## What you will do
The output should match, line for line, the records from the line containing "A Roman bowl, AD" through the line containing "webSYNradio-flyer-299-Fabio-Perletta-+-Luigi-Turra", with every picture left out.

## Data for processing
*-*-*
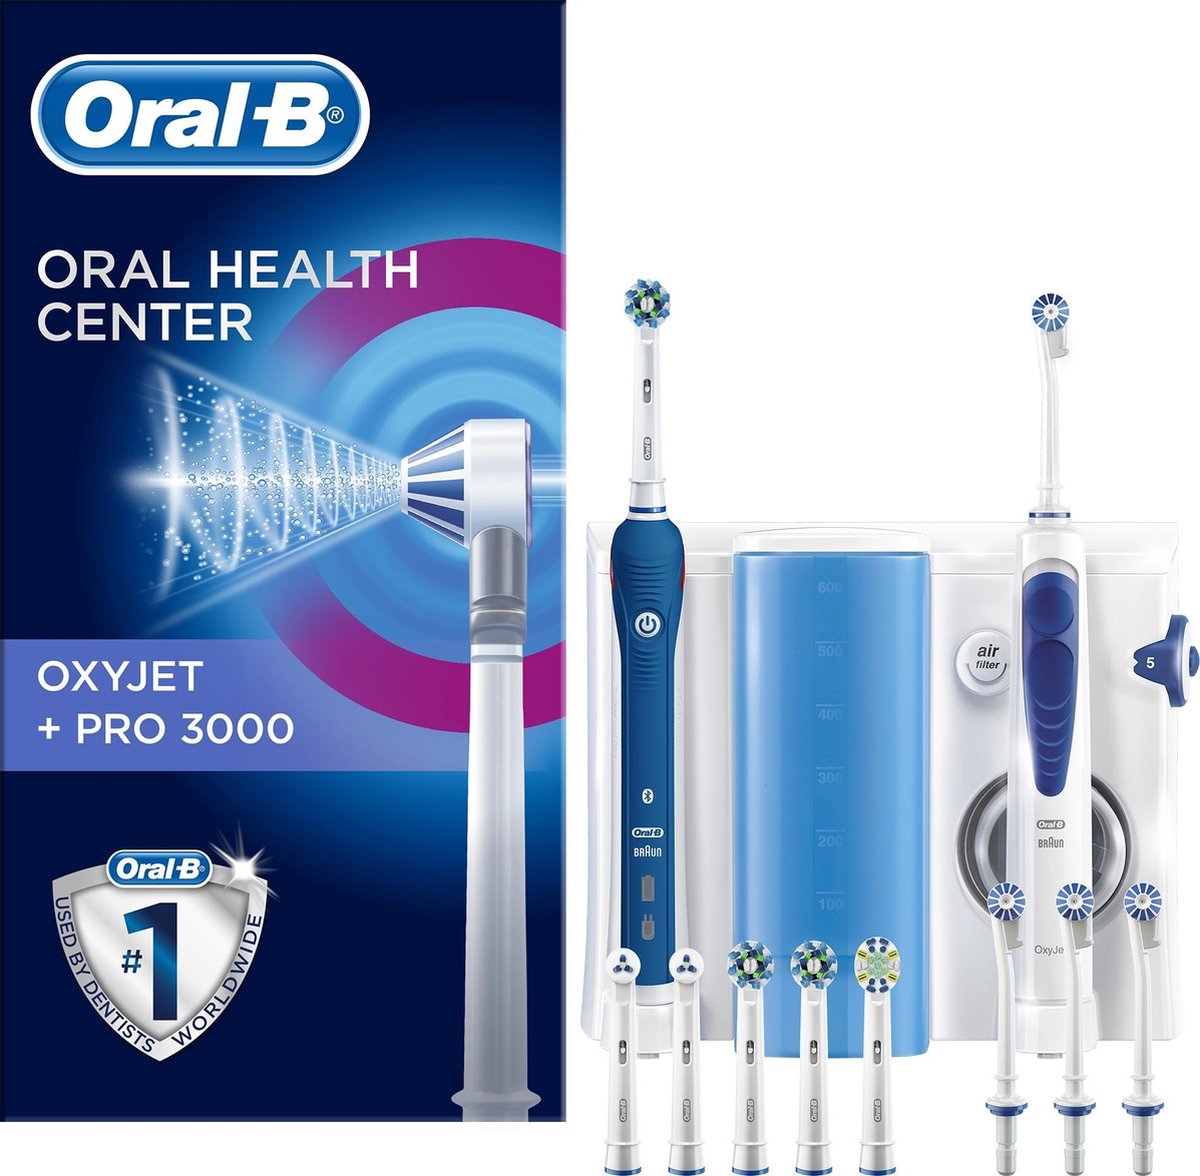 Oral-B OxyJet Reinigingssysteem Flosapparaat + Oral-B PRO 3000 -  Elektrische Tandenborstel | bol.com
*-*-*
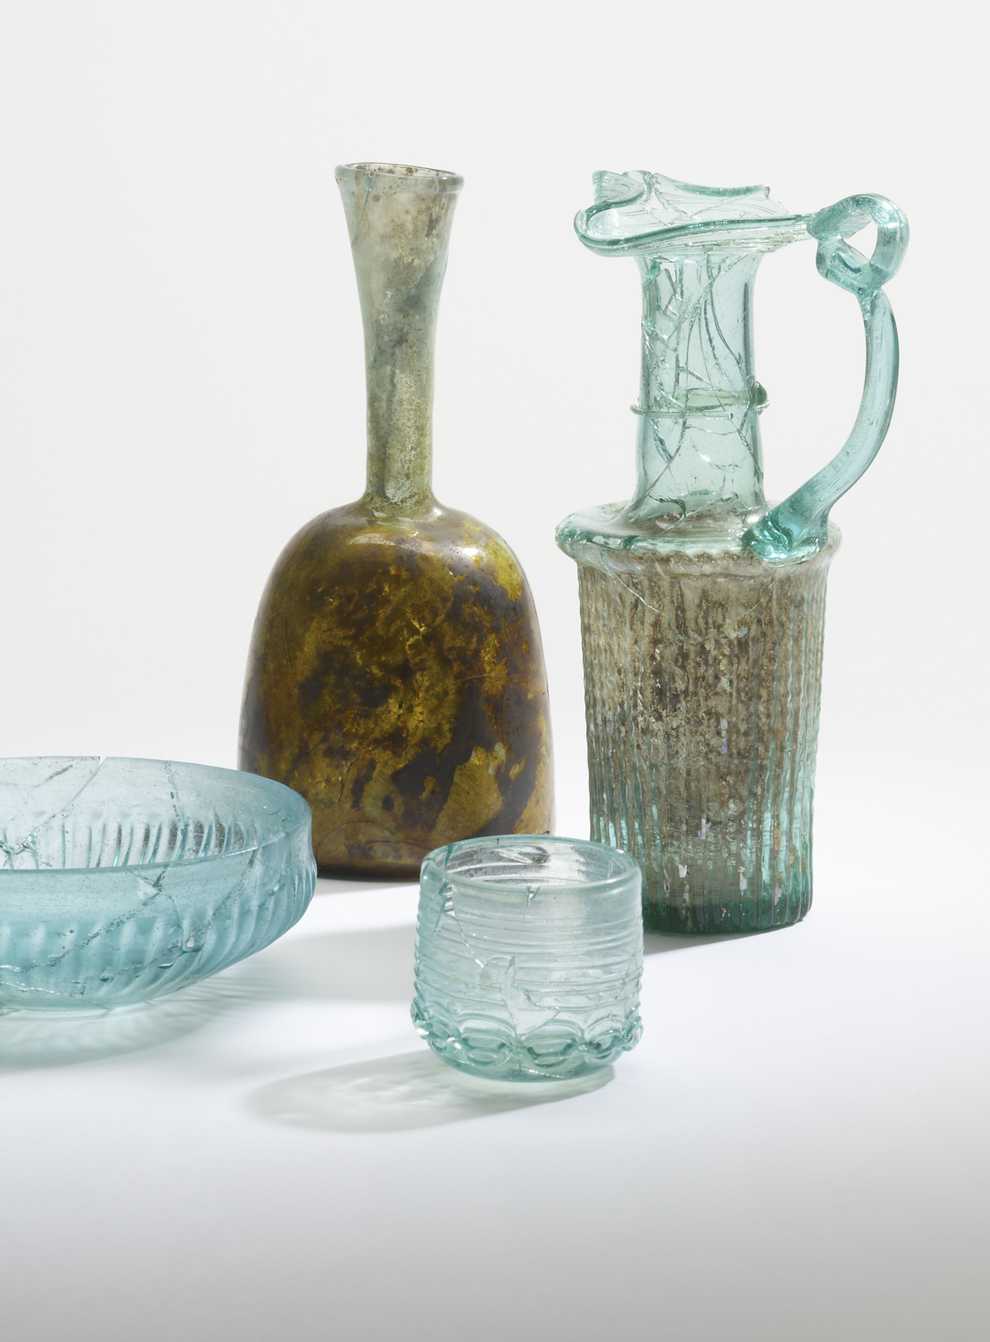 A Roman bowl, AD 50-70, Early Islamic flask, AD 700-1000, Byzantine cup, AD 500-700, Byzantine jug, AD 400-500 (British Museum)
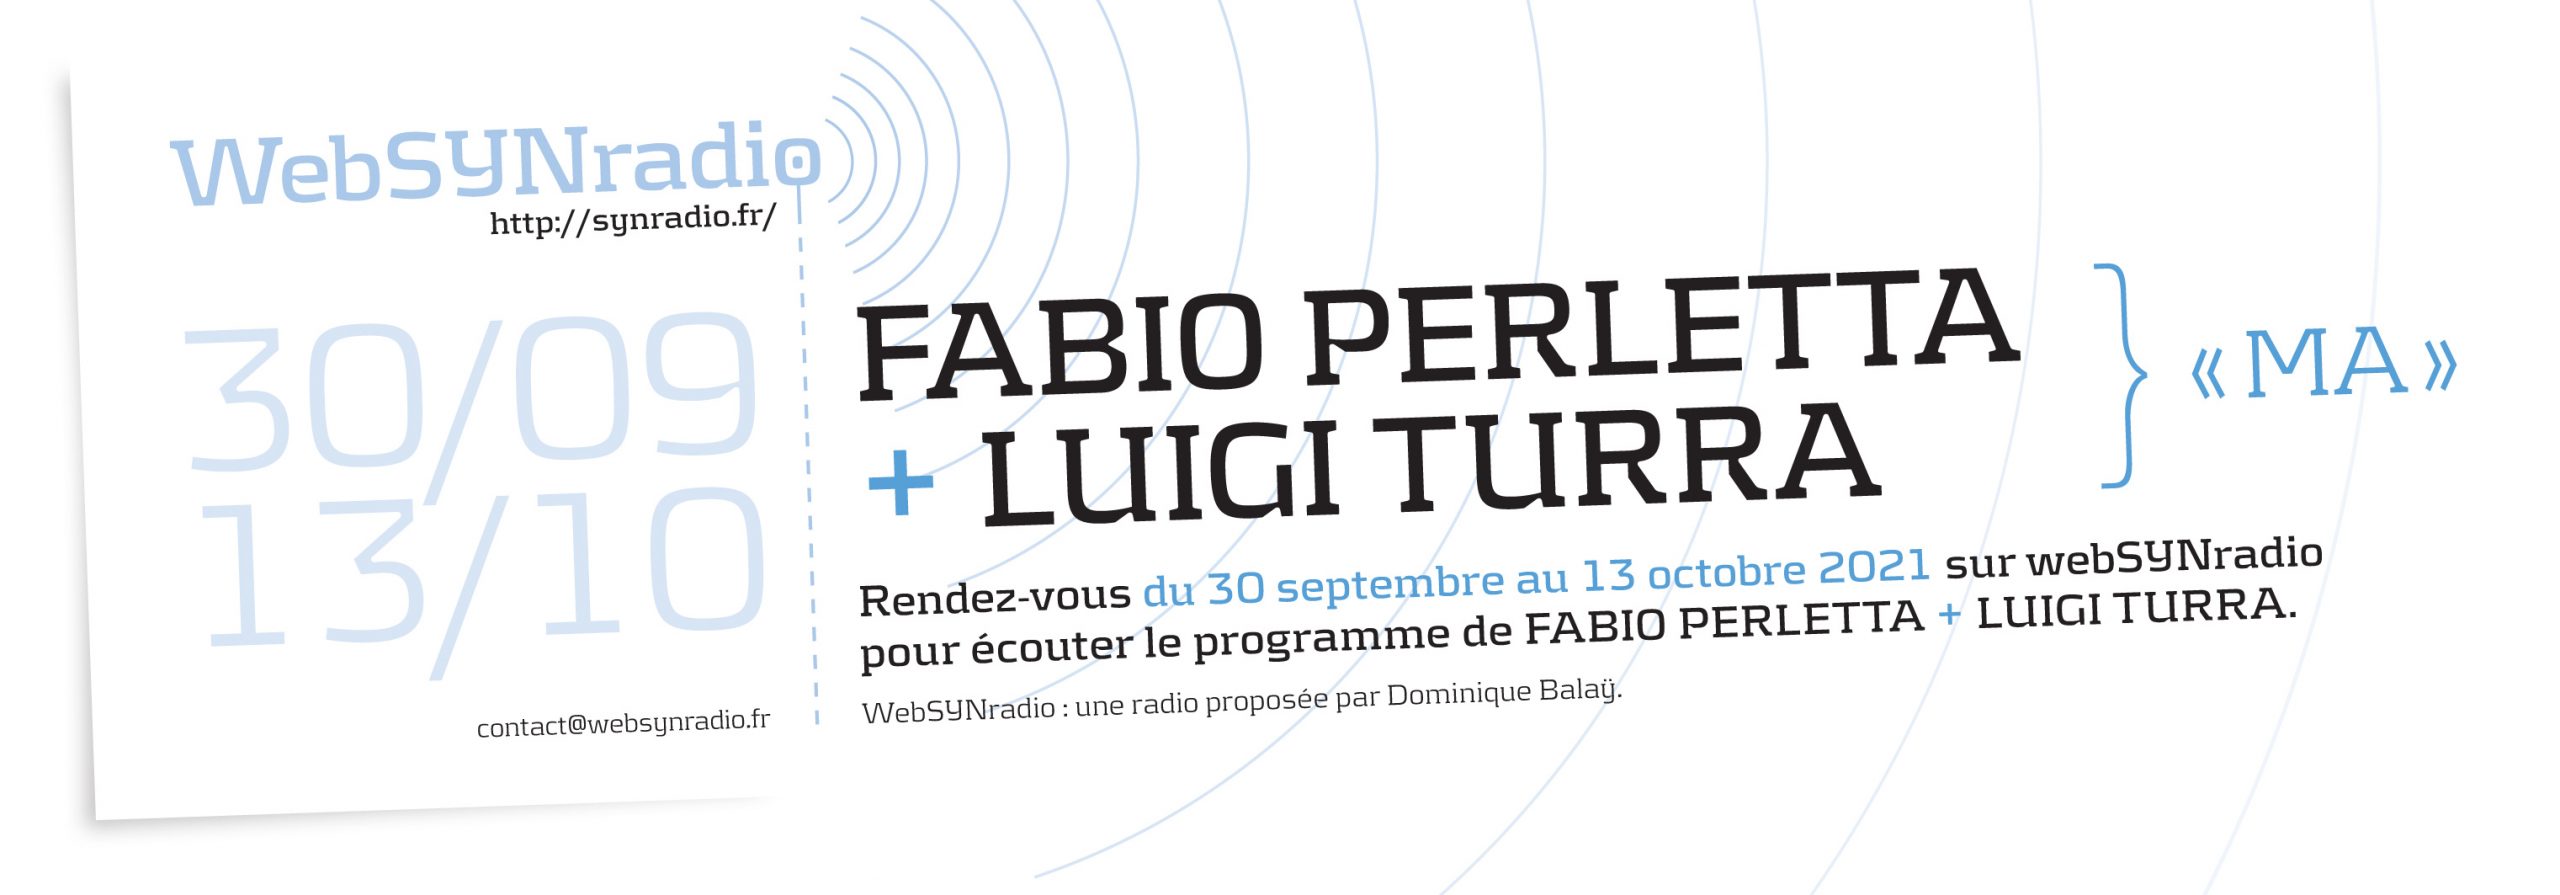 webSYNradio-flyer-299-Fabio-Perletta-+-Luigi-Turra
*-*-*
## Expected output
 A Roman bowl, AD 50-70, Early Islamic flask, AD 700-1000, Byzantine cup, AD 500-700, Byzantine jug, AD 400-500 (British Museum)
 webSYNradio-flyer-299-Fabio-Perletta-+-Luigi-Turra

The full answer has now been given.